Out of Old Growth say East Gippslanders!

Two out of three East Gippsland residents want an end to old growth logging.
This was the sentiment expressed when an opinion poll was carried out in April after the Goolengook camp was raided and the forests logged.

East Gippsland has traditionally been a very conservative region. Politicians have cultivated and pandered to this image for decades. But now this poll destroys the myth that they are merely reflecting community attitudes. The clear majority want an end to old growth logging, and a phasing in of plantations for timber needs.

The significance of this poll for all conflict-ridden forested areas in Victoria (and even Australia) is quite staggering. If the conservative National Party stronghold of East Gippsland reckons logging should stop there must be no region in the state which wants their forests destroyed.

The poll was commissioned by CROEG to show once and for all what the local population really thinks about logging. Does the Government and industry propaganda really influence community thought? Do the politicians and media reflect the community, or is there a silent majority cowering behind the “Timber Towns” signs?

Now consider that before this poll the industry and government had blitzed the local media with their anti-conservationist propaganda and anonymous letters. Large ads showed caring foresters out in the trees with their clip boards. In keeping with that pro-logging trend, this poll only rated the slimmest mention in the local media after it was released.

Also one in four interviewees were over 65 – so if anything this was a very conservative result. The questions were designed to be totally neutral. It cost us $7,000 so wasn’t a cheap two bob job. The method of questioning was as credible and squeaky clean as they come. The result? Registered voters in East Gippslanders want change!
Poll Details:

    Poll commissioned by CROEG on 21st April 2002 .

    Conducted by NCS Pearson, Market Research company.

    Computer Assisted Telephone Interviews (CATI) conducted evenings 24th and 26th April. Results returned 6th May.

    Total number polled 400.

    Error margin 5%, or 95% confidence level.

    Sampling method random from East Gippsland post code areas.

    Interviewees reflected population distribution, age and gender as close as possible (to within 3%) from the East Gippsland Shire statistical local area.

    24% of interviewees were over 65 (in Orbost it was 29%)

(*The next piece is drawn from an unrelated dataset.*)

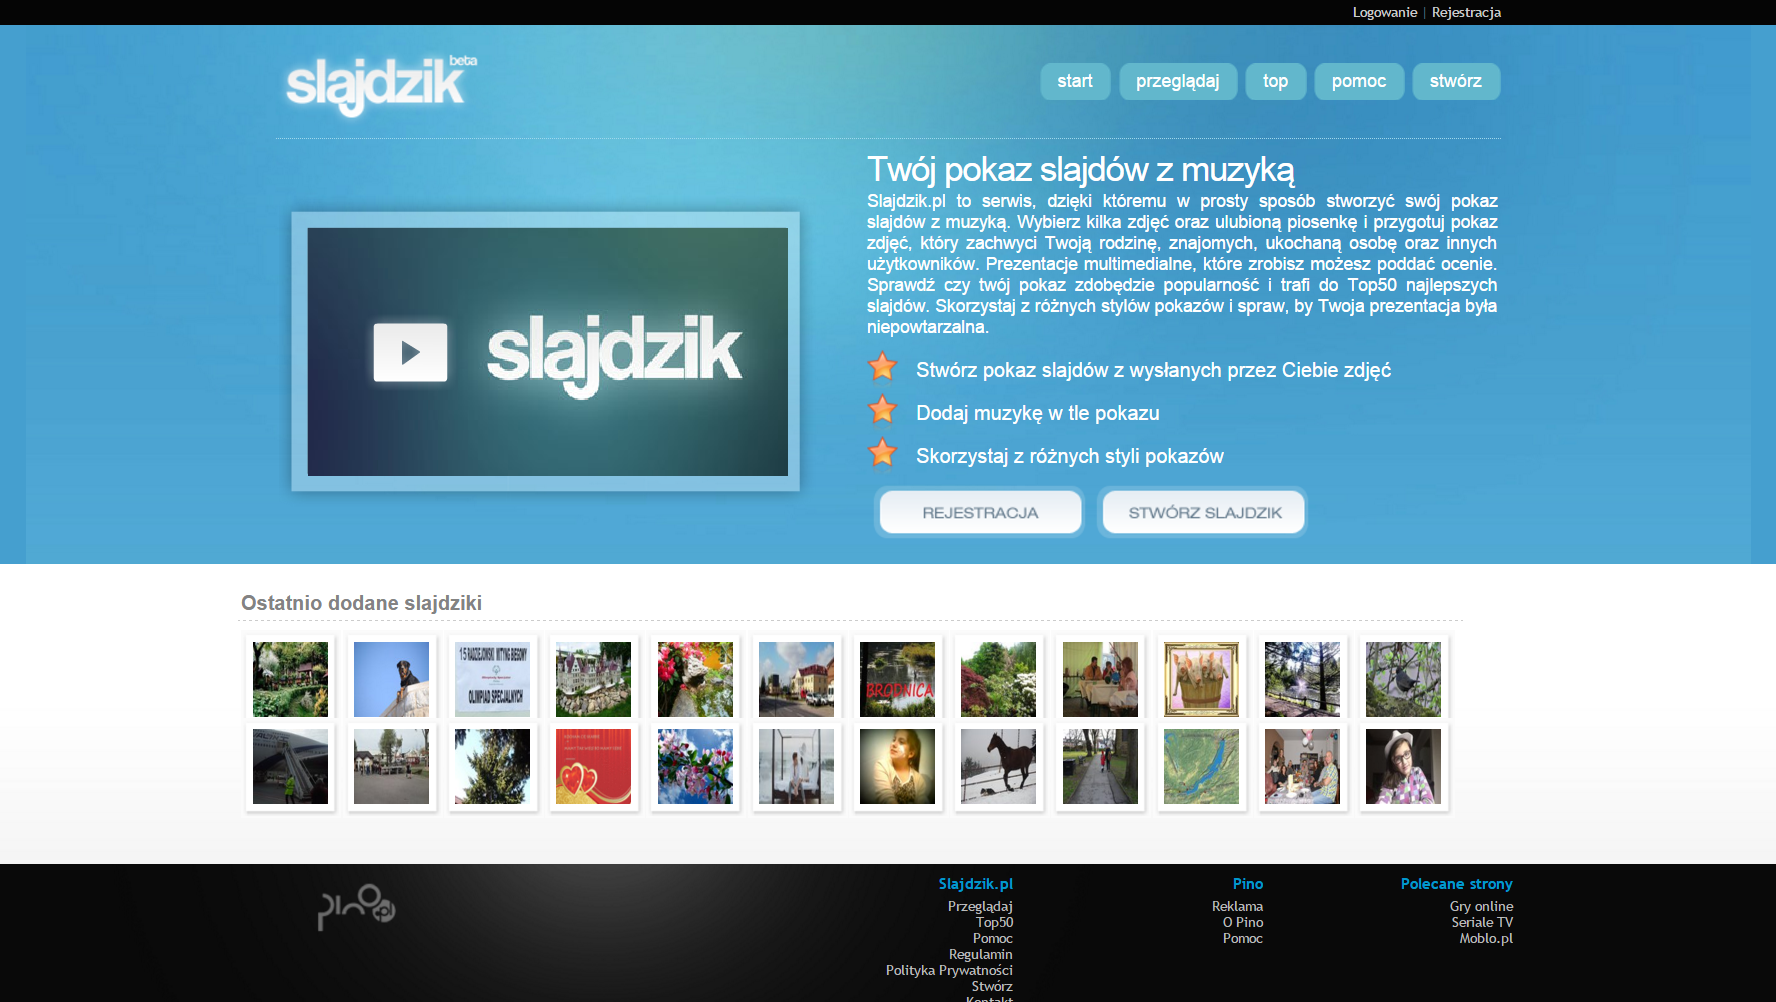 Project Slajdzik.pl

    7% of respondents worked in the logging industry

Questions (in summary)

Do you think the RFA for East Gippsland has worked?
Yes -15% No – 50%

Which do you think has greater potential for providing secure, long term jobs in East Gippsland?
Logging 29% Tourism 59%

Do you think old growth native forests should be clearfell logged?
Yes 23% No 67%

If there was an alternative for providing sawn timber such as plantations, would you agree with phasing logging out of native forests?
Yes 70% No 24%

Is there too much woodchipping, too little, just enough?
Too much 46% Too little 6% Just right 23%

Among other questions asked:

Are forests well managed and should Goolengook have been logged?

These had roughly a 50-50 answer with slightly more leaning towards the green side. There was a small number of respondents who didnt feel they knew enough to answer the questions.
On NCS Pearson

They are an international multi-billion dollar media company. Among its customers are the Department of Defence, Department Employment, Education and Training, KPMG, McDonalds, Nestle, Red Cross etc.

This poll should have been conducted by the government, media and industry to determine if they are truly representing East Gippslanders. As much as they would prefer to deny it, these results show they have been misrepresenting and misreading the region for years. Whether deliberately or just from sheer lack of observation and astuteness, they can no longer claim the public support the logging industry.

And thanks to all those who generously donated to help with the costs of this very valuable poll.